Options: I enable “Trace filtered connection peer traffic” which then catch the source ip’s backend connection, so i don’t need to know which backend server the source is connecting too.
“Capturing SSL master keys” enabled, which generates a secondary file that’s needed in wireshark to decrypt the packets. I love this option, and i would like to thank the SE that requested this into the product(he is now writing this article instead of being an SE) Work is just much more simple now.

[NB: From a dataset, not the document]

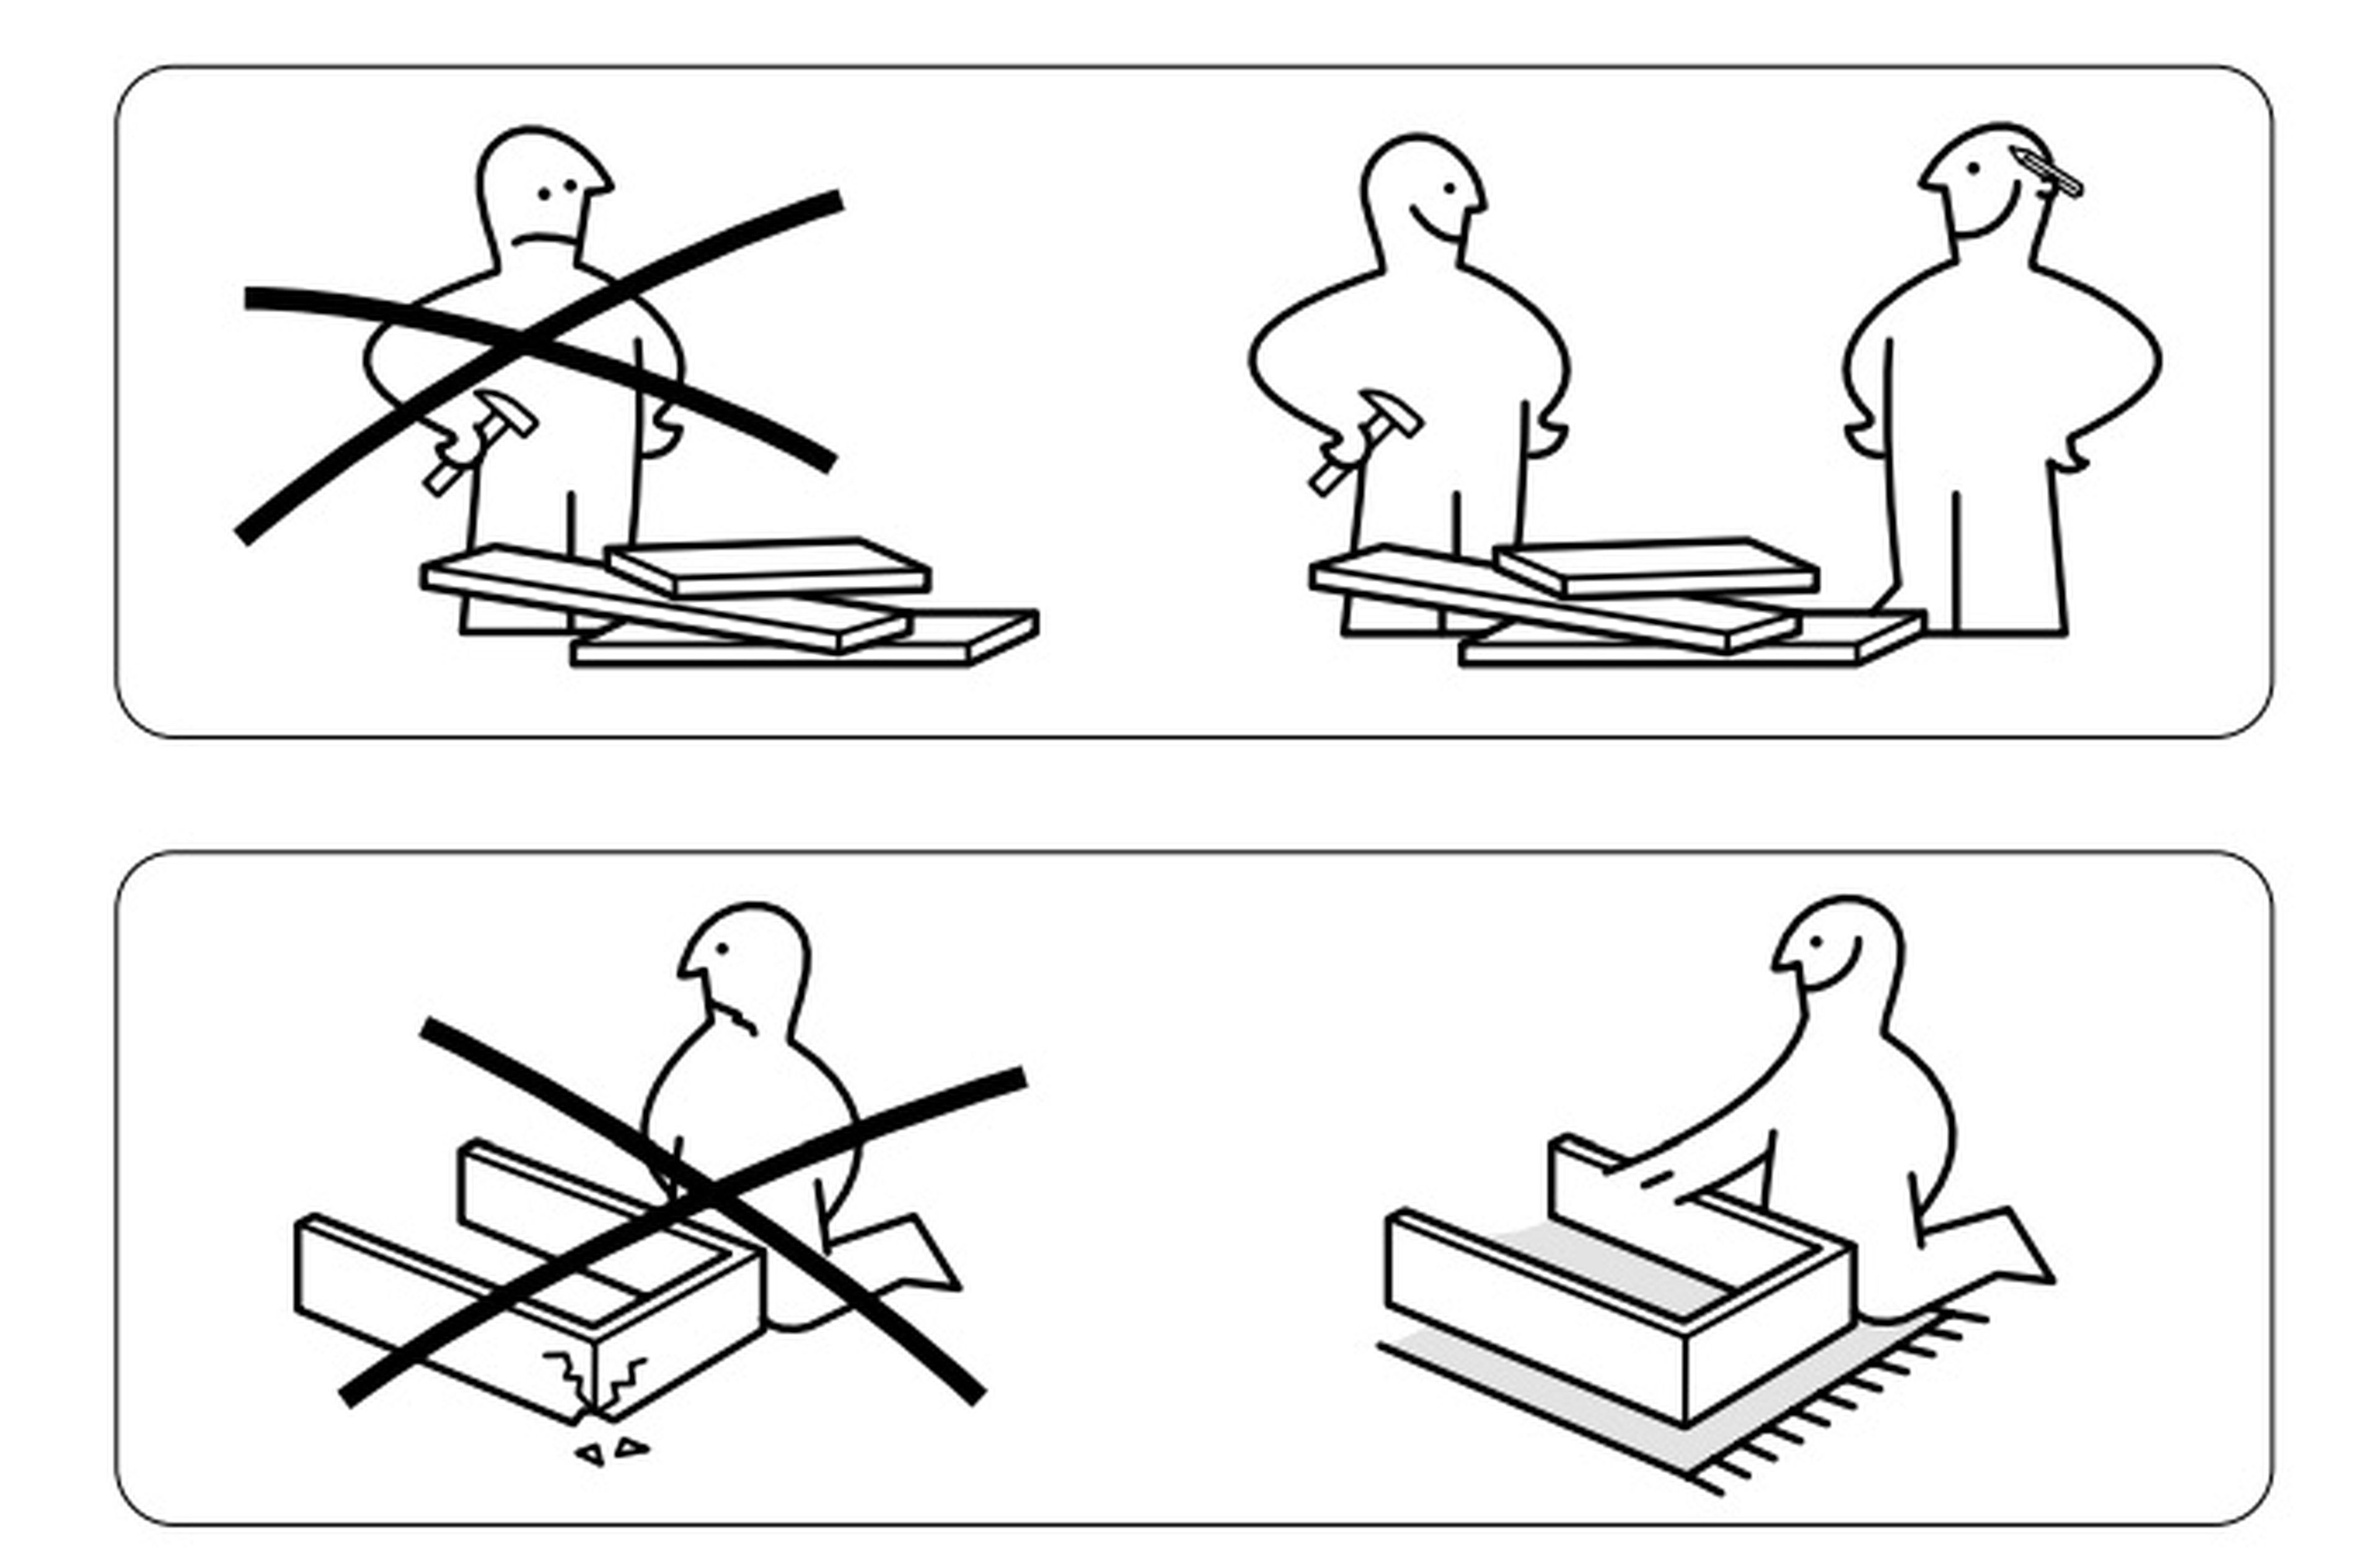 Desmontaje de muebles de Ikea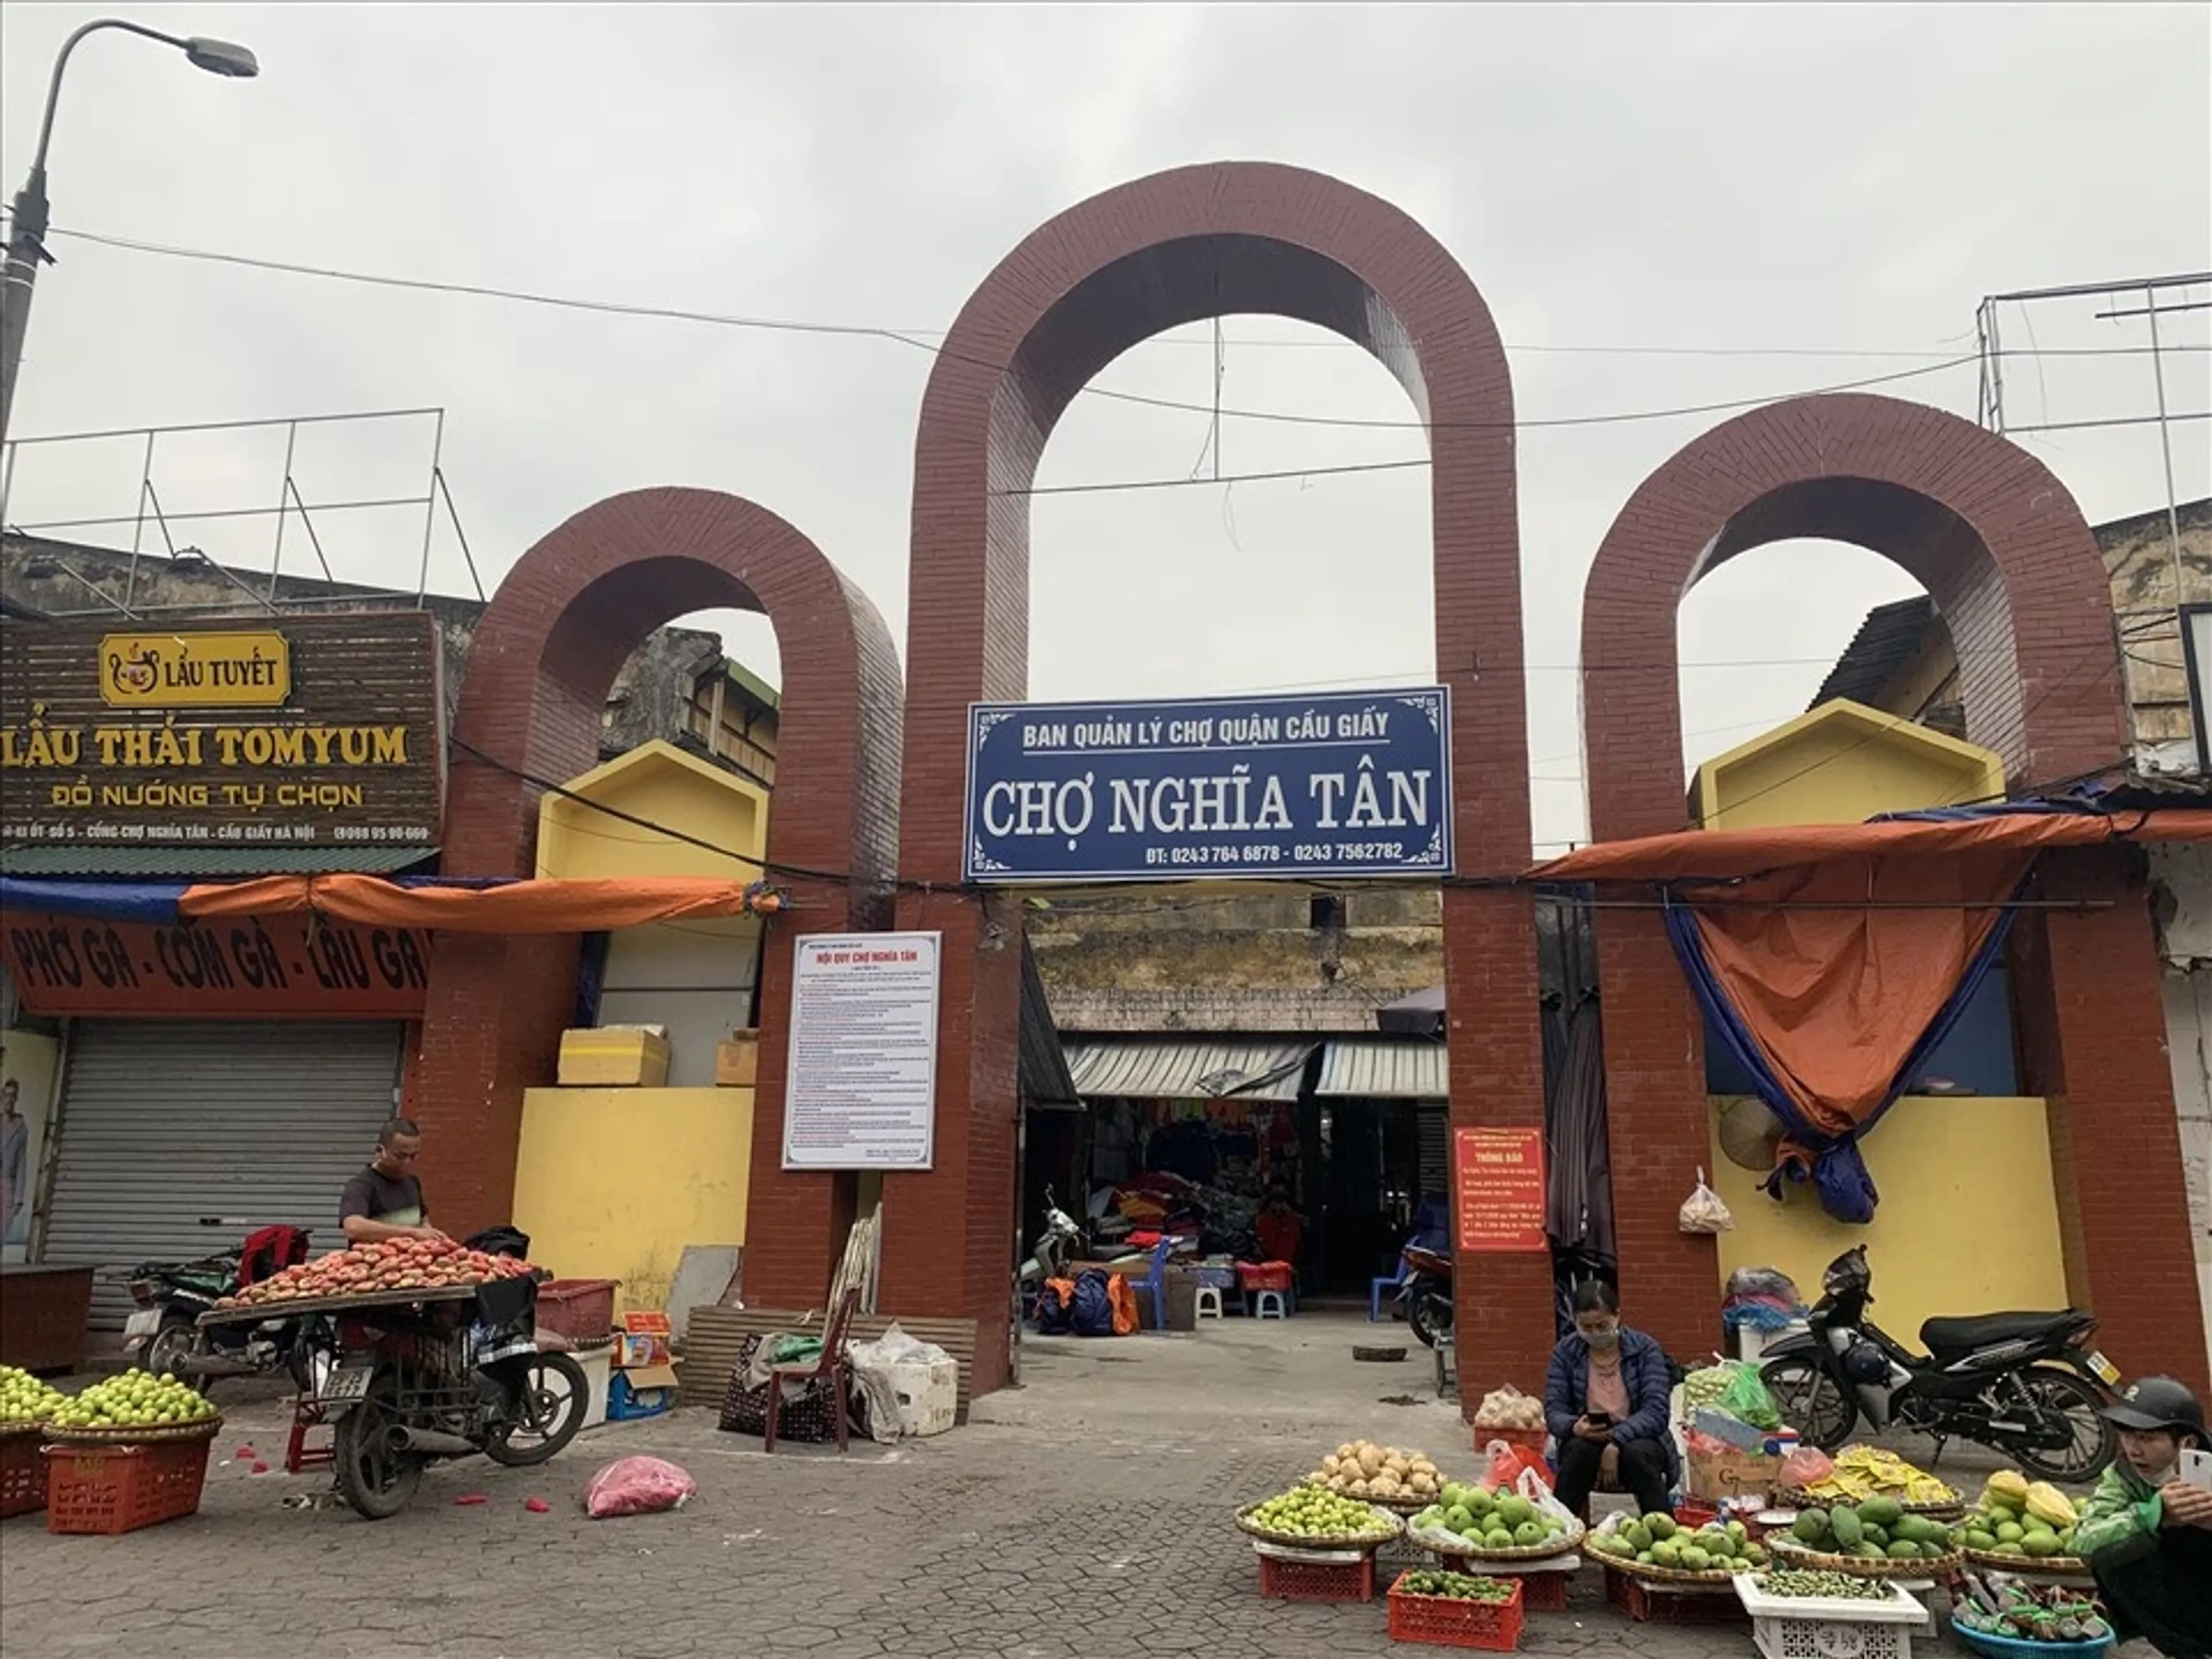 Chợ Nghĩa Tân – Nơi lưu giữ nét văn hóa và ẩm thực Hà Nội

Initially there was the “SSL PLAIN” option, but that did not capture the handshake of the SSL session, so it’s only possible to see that it fails, but not why (very sad face). When using Capture SSL Master keys, it might fail, you need to catch the initial handshake with the client, i believe this is due to SSL session reuse. Although if you don’t want to disable that make sure that you disable server, service, LB/VS – start the trace – enable LB/VS, service, server. So you catch that initial handshake.
See https://support.citrix.com/article/CTX128655 for more information
Wireshark is your friend, and someone has made the portable edition which is faster to install, it will serve the purpose of analyzing your trace.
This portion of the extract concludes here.